Introduction: Blueberry Yogurt Pie

About: I love to spend time in the kitchen to relax and feed those I love with great eats and treats.

When I made this for my family I told them it was blueberry cheesecake pie, because that's exactly what it tastes like. But my secret was: the filling is mostly vanilla Greek yogurt. They loved it, and my dad does not enjoy yogurt at all.

This pie is healthy enough I'd happily eat it for breakfast, not just dessert. I was inspired to come up with this recipe after seeing them make bars with this filling on The Chew, I thought to myself, that would make a great pie, and it does! While I have no issues digging into my usual, not-as-healthy pies, this tastes just as great and comes together quickly. 

An incredibly simple filling of vanilla Greek yogurt mixed with an egg, cinnamon, cornstarch, and some sugar really give that classic cheesecake tasting filling, mixed with tart blueberries to offset the sweet. They made an oat crust on the show, but some online commenters didn't like it, so I used an oat crust recipe from Cook's Country that adds some nice crunch and heartiness to complement the creamy filling. 

This pie is so easy to put together the hardest part is waiting for it to chill and set before digging in. You could easily change the blueberries to blackberries or raspberries. If you don't have vanilla Greek yogurt, you can use plain Greek yogurt, and add 1 1/2 tsp. vanilla extract to get the same flavor. Might even be fun to use other Greek yogurt flavors. In fact, since many use canning jars to take yogurt parfaits to work or school, you could bake these in jars for a little more decadent midday snack. 

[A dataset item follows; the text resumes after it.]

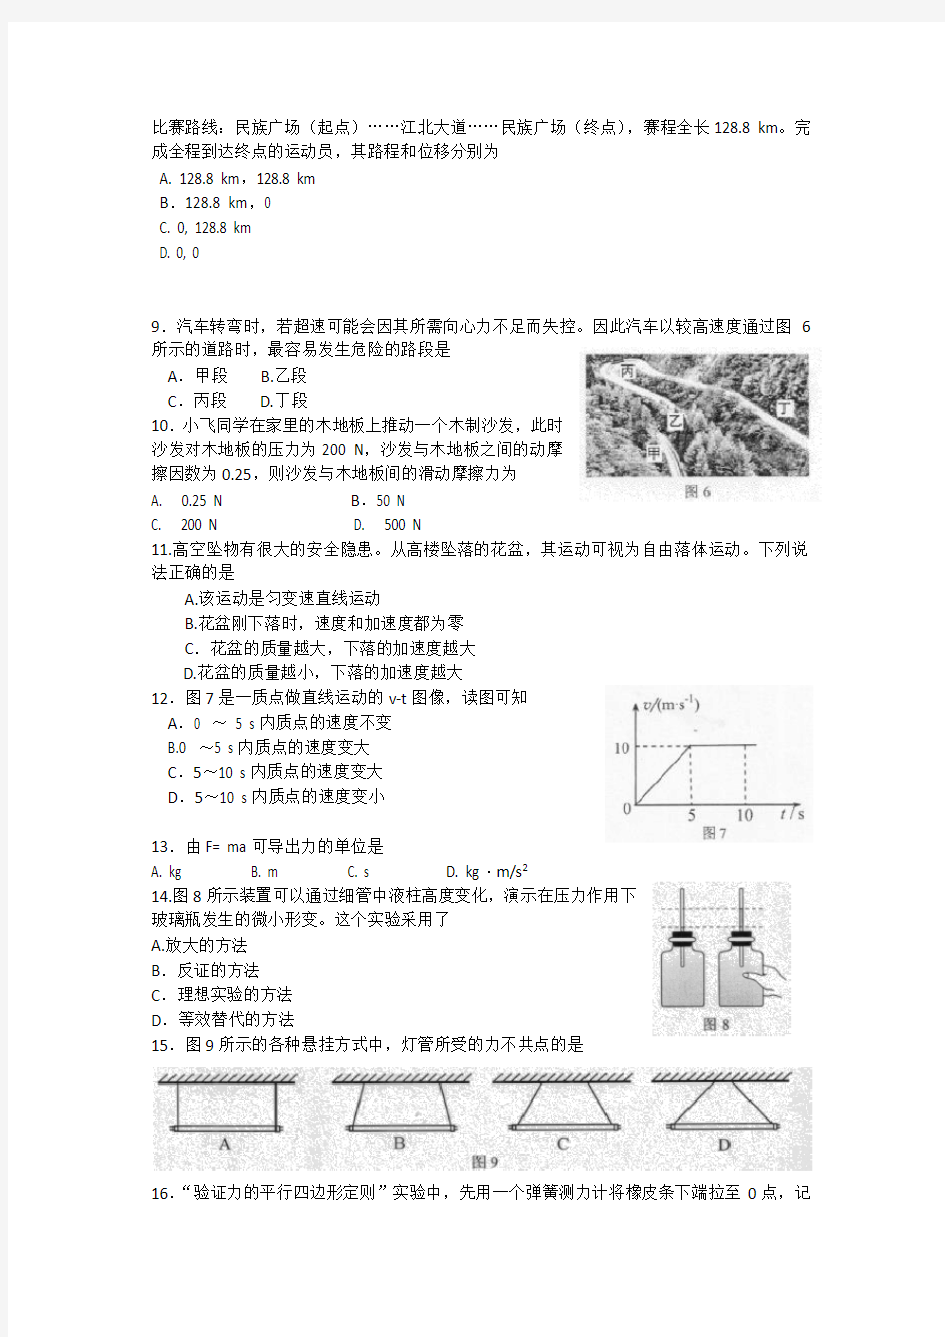 2017年12月广西壮族自治区普通高中学业水平考试物理试题(无答案)
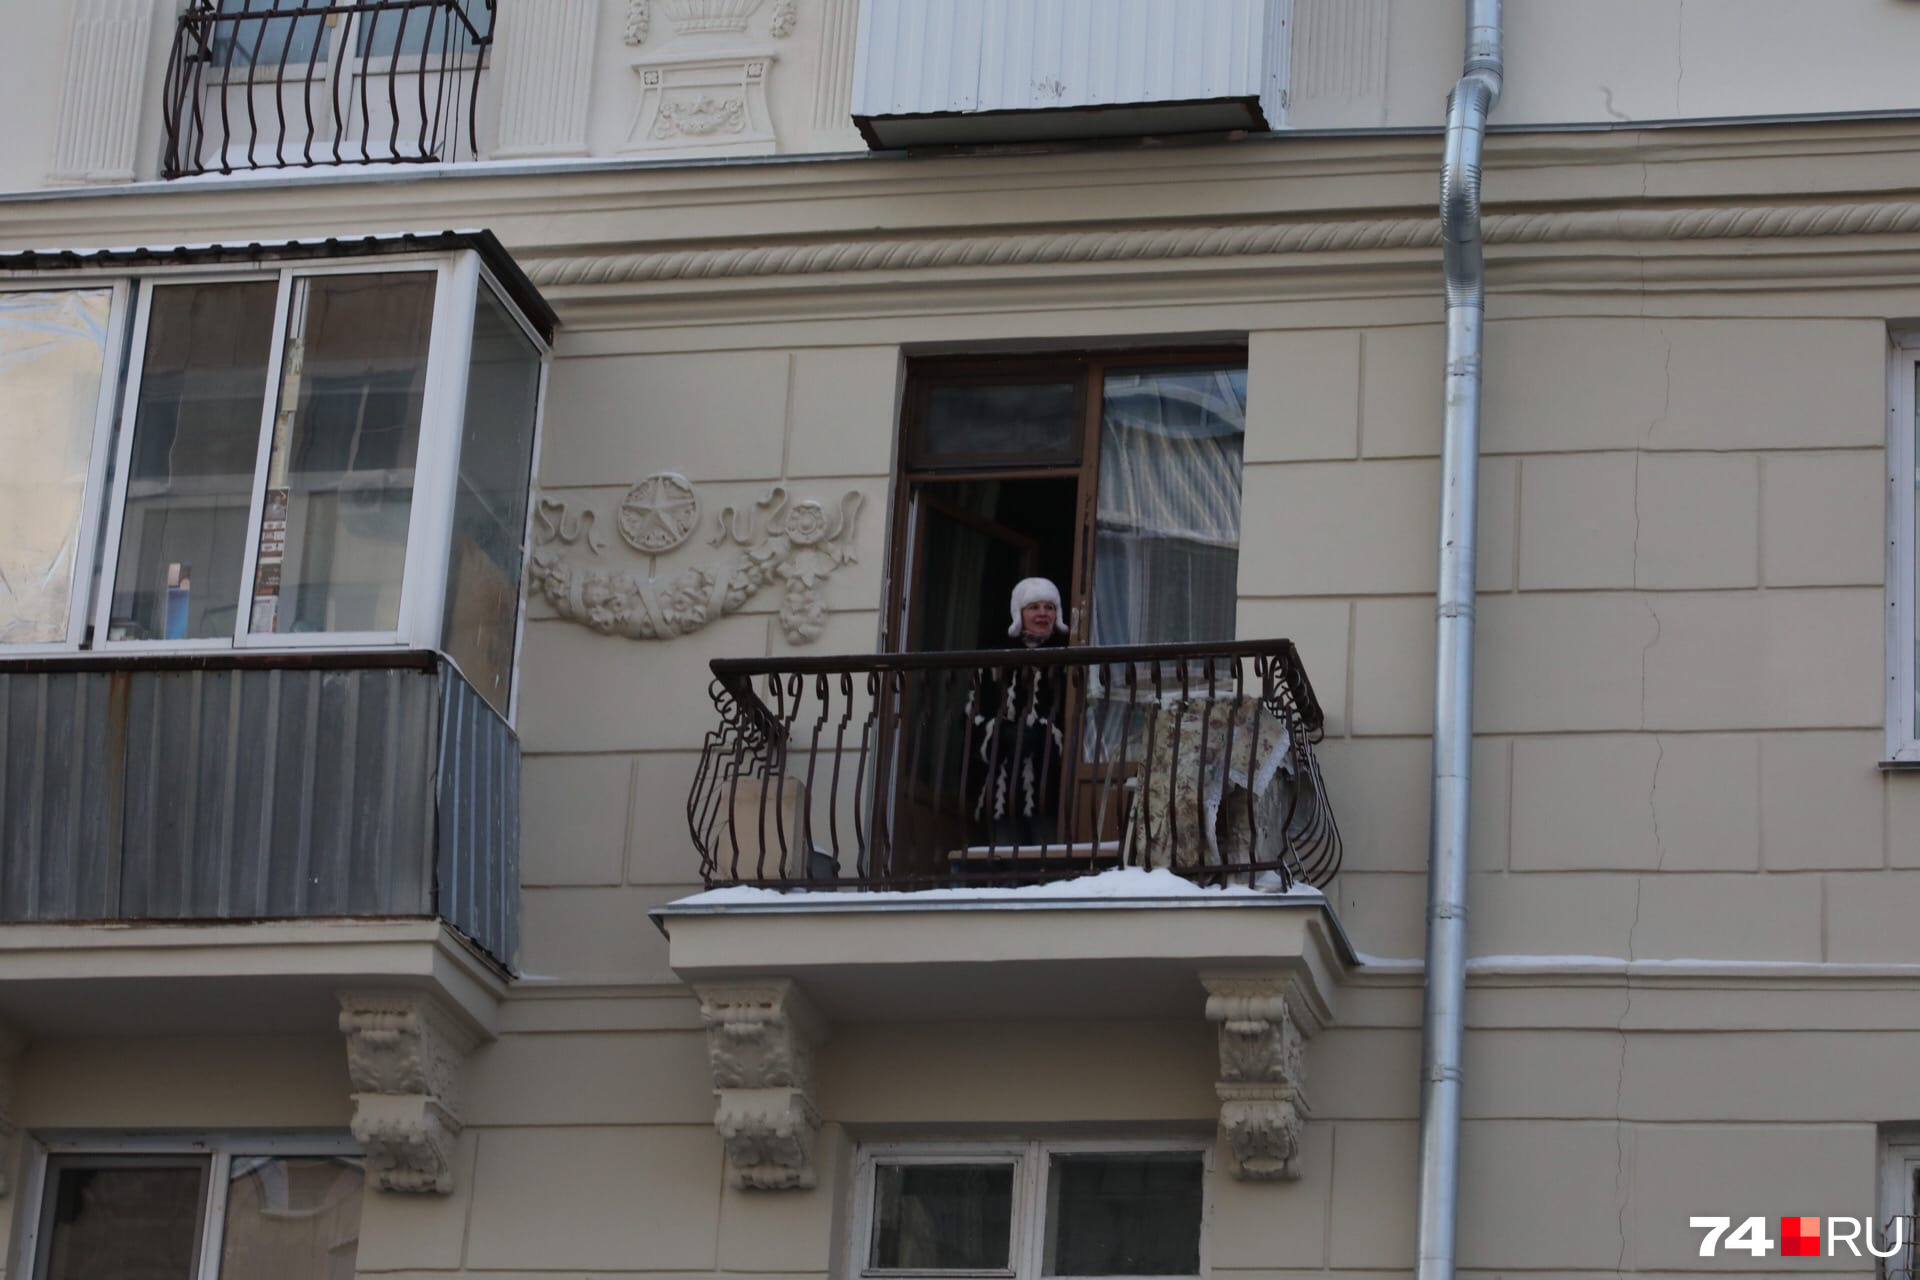 Жители улицы Советской смотрели сверху на участников несогласованной акции

I hope you'll treat yourself and your family to this delicious pie soon, even if you have to call it cheesecake pie like I did, enjoy! 

Serves 8

Filling recipe adapted from "The Chew" Blueberry Delight http://abc.go.com/shows/the-chew/recipes/blueberry-delight-national-dairy-council-fuel-up-to-play-60
Crust recipe adapted from Cook's Country Matrimonial Bars recipe Feb./March 2014


Step 1: Gather Ingredients

You'll need:

For the crust:
1/2 cup (2.25 ounces) all-purpose flour
1/2 cup (3.5 ounces) light brown sugar
1/2 teaspoon ground cinnamon
1/4 teaspoon baking soda
1/8 teaspoon salt
6 tablespoons unsalted butter, cut into 1/2-inch pieces
1 cup (3 ounces) old-fashioned rolled oats

For the filling:
1 quart (4 cups) vanilla Greek yogurt, room temperature
1/2 cup sugar 
1 egg, room temperature
2 tablespoons cornstarch
1/4 teaspoon ground cinnamon
2 cups blueberries; fresh or frozen
Flour; as needed, if using frozen blueberries

Step 2: Prepare Crust

Preheat oven to 350 F. (I also preheat a baking sheet on the middle rack because I bake my pies on baking sheets to catch any spills.) 

Spray a 9-inch pie plate with nonstick spray. 

Pulse flour, sugar, cinnamon, baking soda, and salt in food processor until combined, about 5 pulses. Add butter and pulse until mixture resembles coarse sand, about 15 pulses. Add oats and pulse once or twice to combine.

Pat crust into bottom and up the sides of pie plate. Bake until lightly browned, 10-15 minutes, rotating pan halfway through baking. The crust will puff due to the baking soda, pat it back down with a spoon, put pie plate on cooling rack and the baking sheet back in the oven. 

Step 3: Prepare Filling, Bake, and Enjoy

If using frozen blueberries, toss in flour (I used about 1 Tbsp.) until lightly coated; discard excess flour.

In a large bowl, whisk egg, cornstarch, and cinnamon. Add 1 quart yogurt and 1/2 cup sugar; stir until blended. Gently fold blueberries into batter; pour evenly over crust.

Bake for 1 hour or until toothpick inserted into the center comes out clean. (If the filling is browning too much before the filling is set, you can cover it with nonstick foil, or spray regular foil with nonstick spray, nonstick side down, when finished the center will still be slightly jiggly.)

Cool at room temperature 30 minutes, refrigerate for at least 2 hours before cutting.

Pie can be stored, covered, in the refrigerator up to 2 days.